Wolf Lambert via Wikimedia Commons.

Last week, in Wrong reasoning, right result? I ranted a bit– criticizing the latest in a nationwide string of wrong decisions involving FRCP 4(f)(3).  At issue: whether courts can authorize service by email on defendants located in Hague Service Convention countries that object to Article 10(a).

My view is awfully straightforward– if the Convention applies, and the destination country objects to 10(a), then Nein.  没有。

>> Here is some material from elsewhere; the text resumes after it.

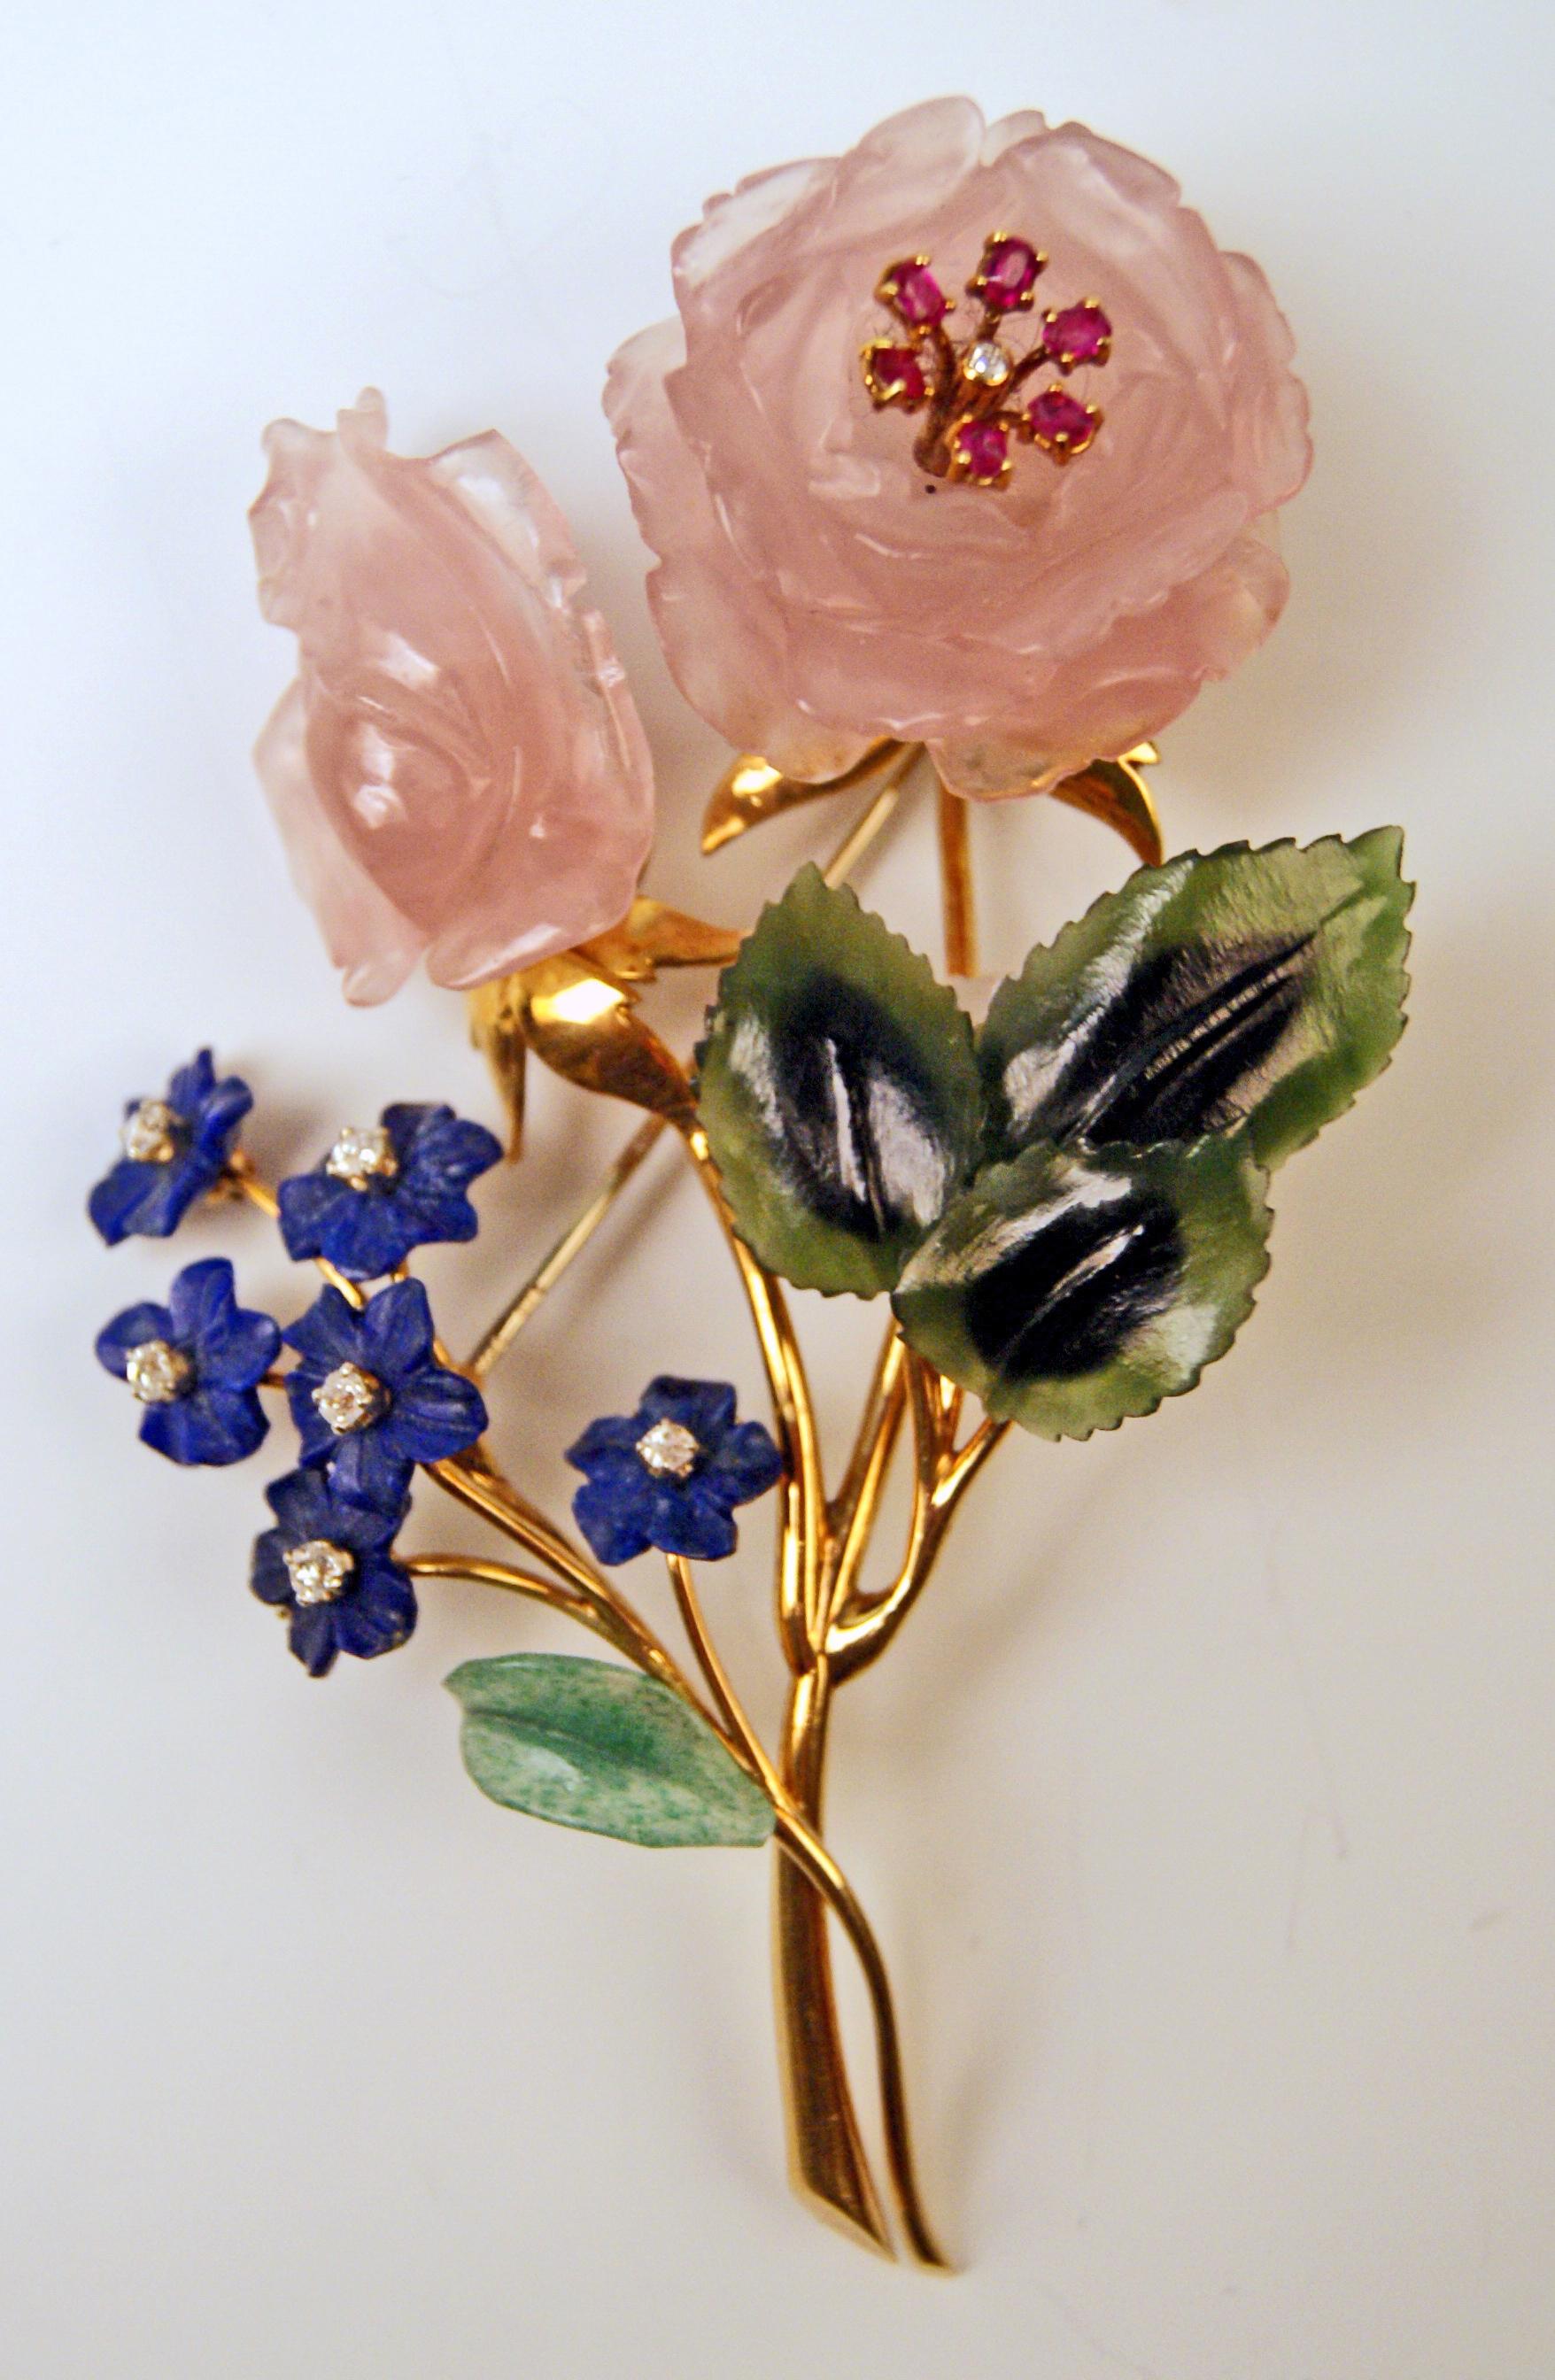 Le plus beau bijou réalisé au cours de la seconde moitié du XXe siècle :
La broche, en forme de bouquet de fleurs, est abondamment recouverte de diverses pierres précieuses : Ce plus beau bijou en or jaune est recouvert de quartz rose, de rubis, de

Нет.  ほぼ。 幾分。

Not no, but hell no.* 

In a bit of serendipitous timing, a colleague pinged me over the weekend and asked for my thoughts on this one:  “Judge takes rare step to help serve elusive Ghislaine Maxwell with lawsuit.”  I’m usually pretty skeptical about the New York Post, notwithstanding my intellectual affection for Alexander Hamilton (there’s a million things he hasn’t done, but just you wait), although this particular article set aside the editorial slant that often dims my view of A-dot-Ham‘s creation.  Seems there’s a problem locating a civil suit defendant in the Jeffrey Epstein debacle, so plaintiffs’ counsel rightly asked the judge for leave to serve her by electronic means under 4(f)(3).  Specifically:

(f) Unless federal law provides otherwise, an individual—other than a minor, an incompetent person, or a person whose waiver has been filed—may be served at a place not within any judicial district of the United States:  (3) by other means not prohibited by international agreement, as the court orders.

My response to the colleague who posed the question:

Sounds to me like exactly the situation Rule 4(f)(3) was designed for.  If the plaintiff can’t find her despite a diligent search (that’s usually where such a motion gets tripped up– they don’t search diligently) then the Hague Service Convention doesn’t apply.  Consequently, there’s no treaty-based argument that email service is inappropriate.  This one seems to be a valid application of the rule.

 

So why doesn’t the Convention itself apply?  Because they can’t find the defendant.  From Article 1:

This Convention shall not apply where the address of the person to be served with the document is not known.

If the Convention doesn’t apply, then electronic service creates no worry about fulfilling Justice O’Connor’s mandate in the Schlunk decision.  There’s no “occasion to transmit” the documents abroad.  There’s no worry about a hierarchy within Rule 4(f).  And there’s a pretty significant chance that the defendant’s due process rights will be fulfilled.**

As long as the plaintiffs can demonstrate that the defendant actually uses the electronic means authorized by the court, thumbs-up on this one.


* Whether it’s okay where the destination country doesn’t object is a different matter entirely, and quite arguable.  I have mixed views on that one… fodder for another post.

** From Mullane and Rule 4(f) itself… a means reasonably calculated to provide notice and an opportunity to defend.